To make up the difference between the thickened edge and the 5-inch-thick slab, we place compacted bank gravel inside the forms (see illustration). Detailing the gravel to form the inner wall of the thickened edge is a pain; the slope has to be shallow enough to permit compacting, but if you make it too shallow, you have to make up the difference with a lot more concrete.
Forming a Perimeter Grade Beam With ICFs
I like monolithic slabs for their structural integrity and because they’re easy to place — one pour and you’re done. But forming and bracing the thickened edge can be time-consuming. So recently we’ve gone to a two-phase process using insulated concrete forms (ICFs) to create a perimeter grade beam and then a separate pour for the slab (Figure 4). While ICFs are typically used to form 8- to 10-inch-thick walls, our design requires a 12-inch-deep, 20-inch-wide grade-beam footing. We found an ICF manufacturer, Arxx Corp. (arxxbuild.com), that offers form ties to accommodate thicker wall designs along with a variety of ICF sizes and configurations to suit our needs.

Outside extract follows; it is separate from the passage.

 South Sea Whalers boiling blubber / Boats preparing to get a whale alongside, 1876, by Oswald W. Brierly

To keep the forms straight, we run lengths of framing lumber along the bottoms, secured through the foam base into the gravel layer beneath with steel stakes. Corners call for extra bracing. To support interior column point-loads, we form 3-foot-by-3-foot pads using 2x12 lumber. The pads get three rows of #4 rebar 3 inches up from the bottom and three more 3 inches down from the top.

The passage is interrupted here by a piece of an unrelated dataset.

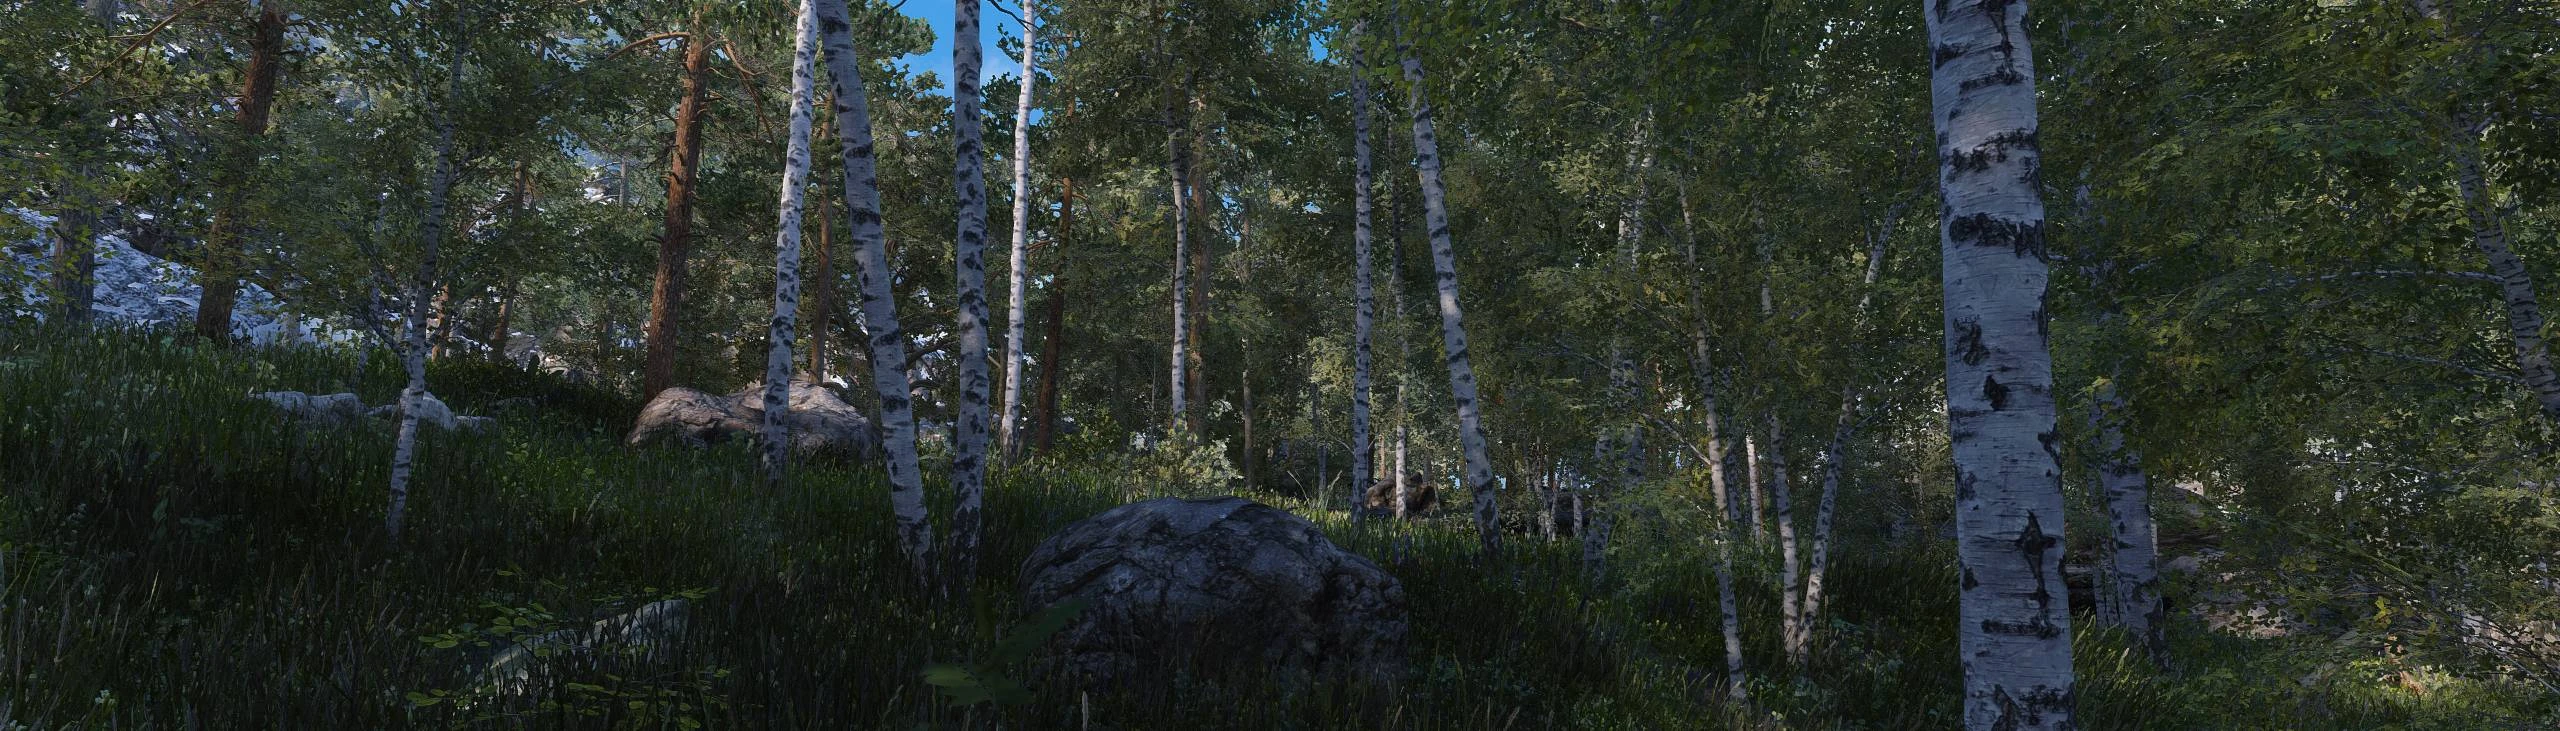 The Forest Free Download (v1.12) - Nexus-Games

As soon as the footing concrete hardens, we install the vapor barrier and radon vent. In some cases, we’ll add another layer of 2-inch foam board over the vapor barrier, increasing the nominal R-value by 10. We fill the slab area to the top of the footings with compacted gravel, and we’re ready to frame the building (Figure 5). Once we’re closed in, the plumber roughs in the waste and supply lines, and we place the rebar or welded wire mesh to get ready for the concrete. Up to this point, the work has been done by my carpenters and our excavation sub, but we turn concrete placement and slab finishing over to a concrete sub.
Overall, the two-step grade-beam method actually takes less time and labor than the monolithic slab approach. While I can’t make a completely accurate cost comparison, my sense is that the labor savings offset the added cost of the ICFs. The method offers another significant advantage, too: Pouring the slab inside a dried-in building minimizes the adverse effects of weather and temperature. Should a future job find us pouring the slab after winter sets in, it’ll be relatively easy to heat the building above freezing until the slab is poured and has cured.

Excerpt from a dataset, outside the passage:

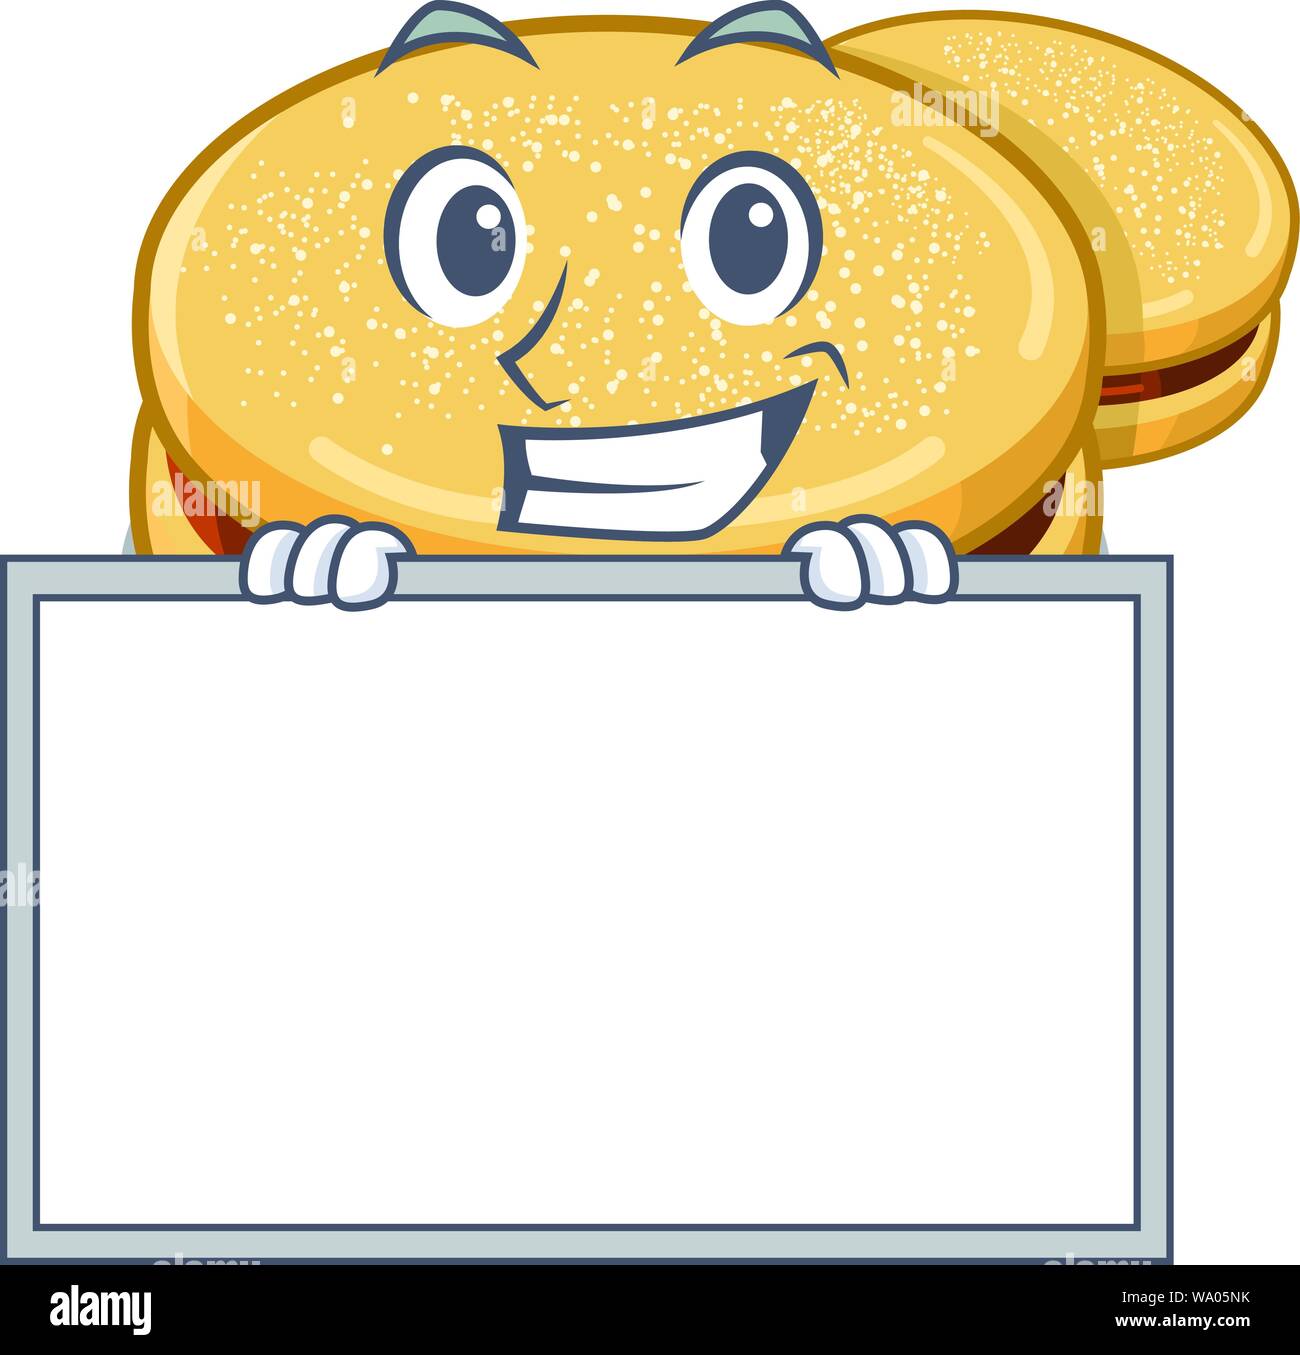 Grinning with board alfajores cartoon in the a jar Stock Vector

Before backfilling, we add 2 inches of foam to the outside edge of the foundation, over the ICF forms, which are only 2 inches thick. Here in Maine, carpenter ants find easy nesting in buried foam, so we do what we can to discourage them. We fold ice and water membrane into the corner between horizontal and vertical foam around the entire foundation (Figure 6). Later, after we frame and sheathe the walls, we cover the sill joint with another piece of membrane that overlaps the foundation strip. By code, a minimum 6 inches of vertical foundation edge must remain exposed between the wood line and the final grade. We cover it with Galvalume sheet metal, a neat and durable solution that’s easy to repair if it becomes necessary.
The advantages of an FPSF are considerable: lower cost, faster installation, less disturbance to the site, fewer subcontractors to schedule, and simpler detailing and finishing. Its ready applicability to super-insulated passive-solar design only adds to the list. But because it’s an unfamiliar foundation, it’s critical to resolve all structural questions and to address the clients’ concerns about durability and aesthetics. We find that once these issues are covered, however, a frost-protected shallow foundation is a nearly ideal base.
Alan Gibson co-owns G-O Logic, a design-build company in Belfast, Maine. His partner is architect Matthew O’Malia.